WORK REQUIRED. Output, exactly and in full, only the lines from the one containing "210th Fires Brigade" to the last line of the data. Pictures should not appear.

RAW DATA.
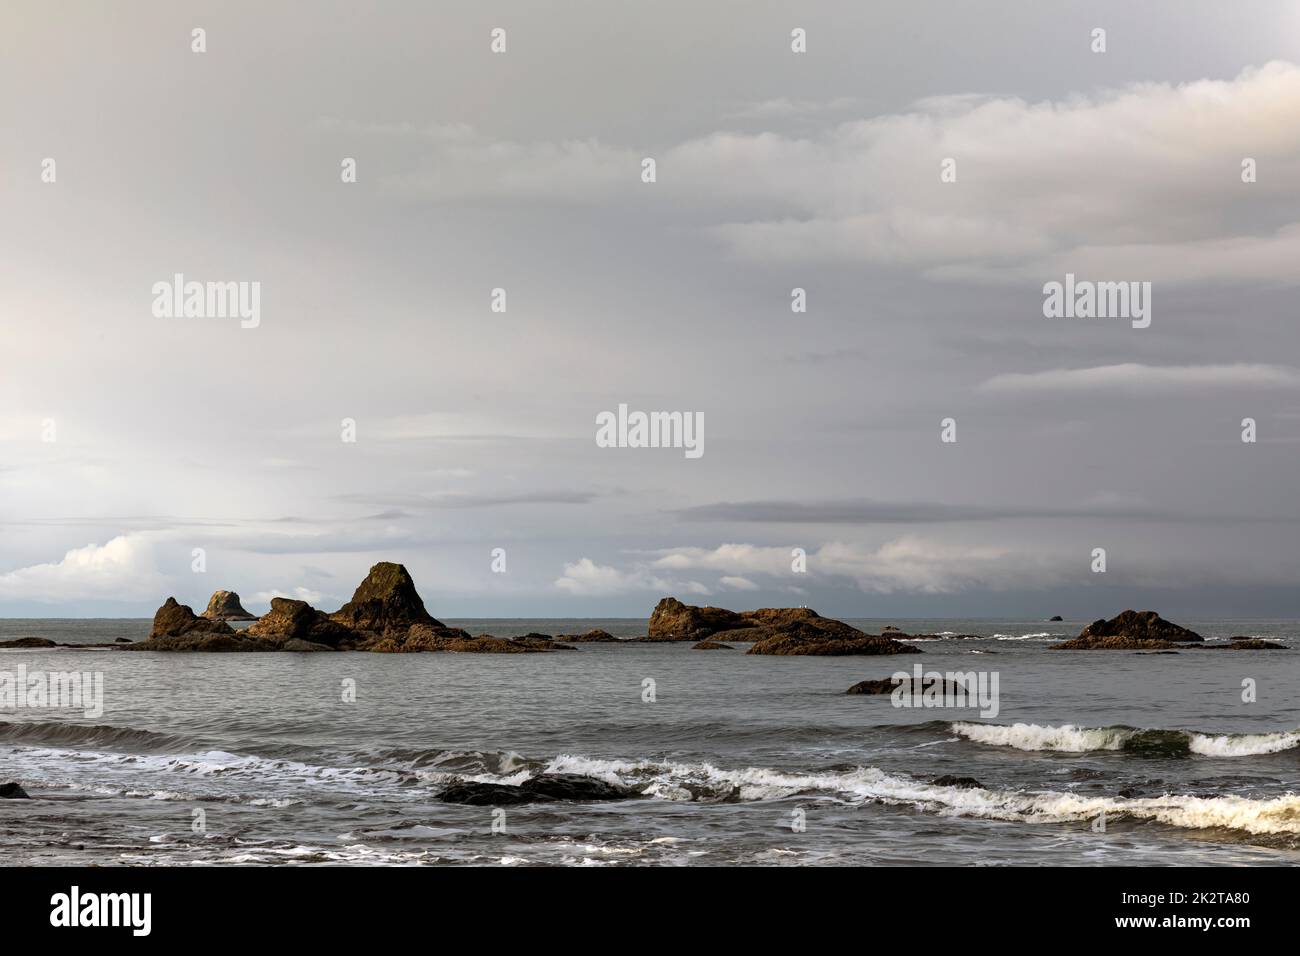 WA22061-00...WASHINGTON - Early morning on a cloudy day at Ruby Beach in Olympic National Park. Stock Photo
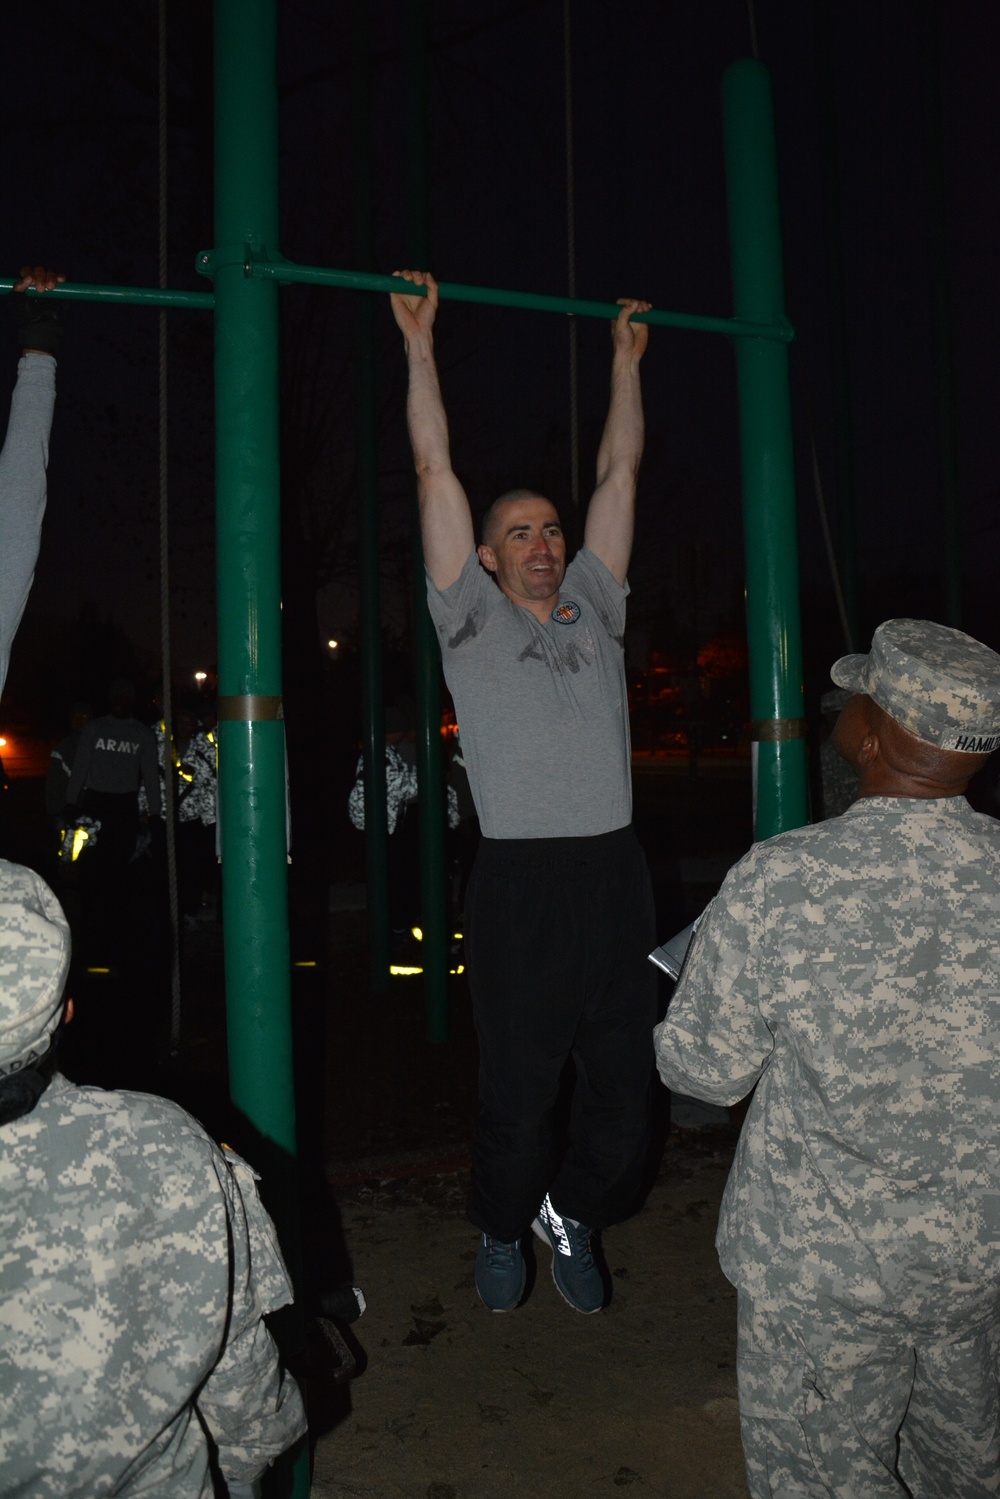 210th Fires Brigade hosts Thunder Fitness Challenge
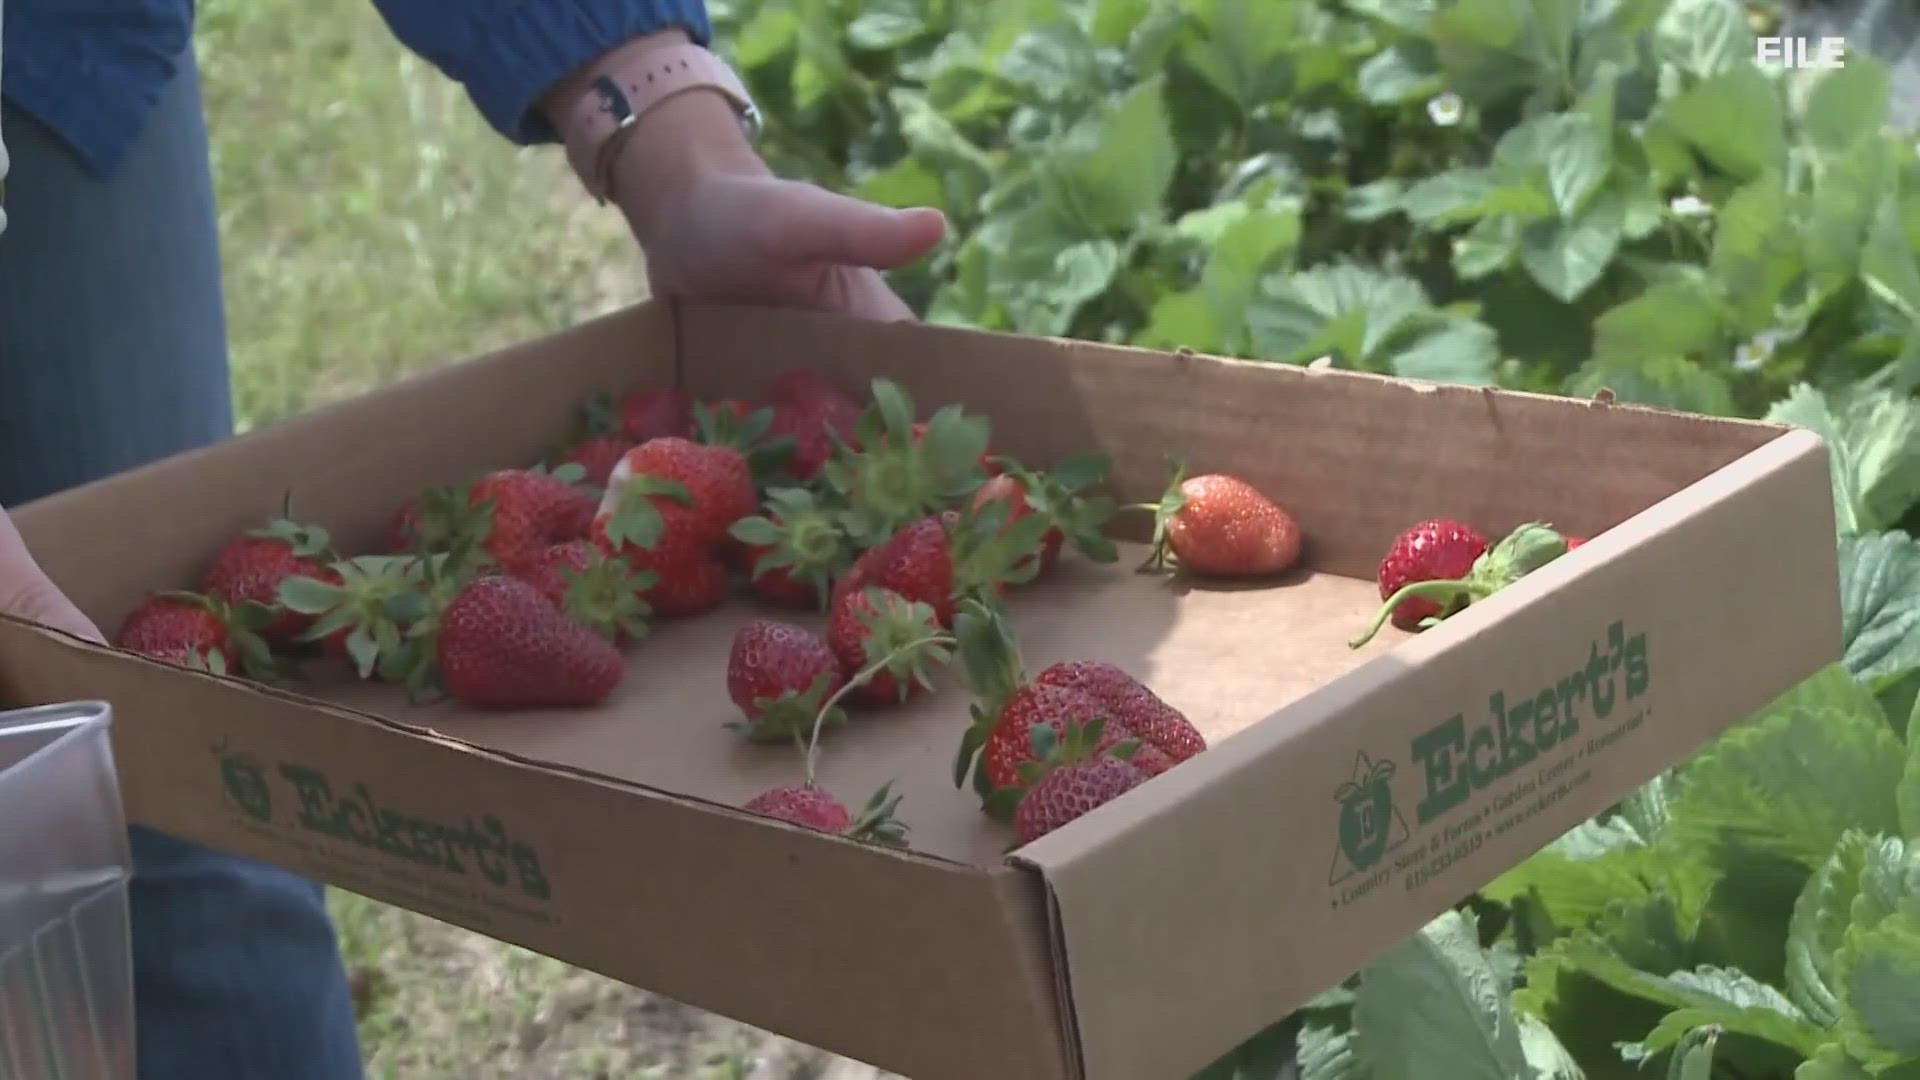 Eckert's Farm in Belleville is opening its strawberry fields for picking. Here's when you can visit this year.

RESPONSE.
 210th Fires Brigade hosts Thunder Fitness Challenge
 Eckert's Farm in Belleville is opening its strawberry fields for picking. Here's when you can visit this year.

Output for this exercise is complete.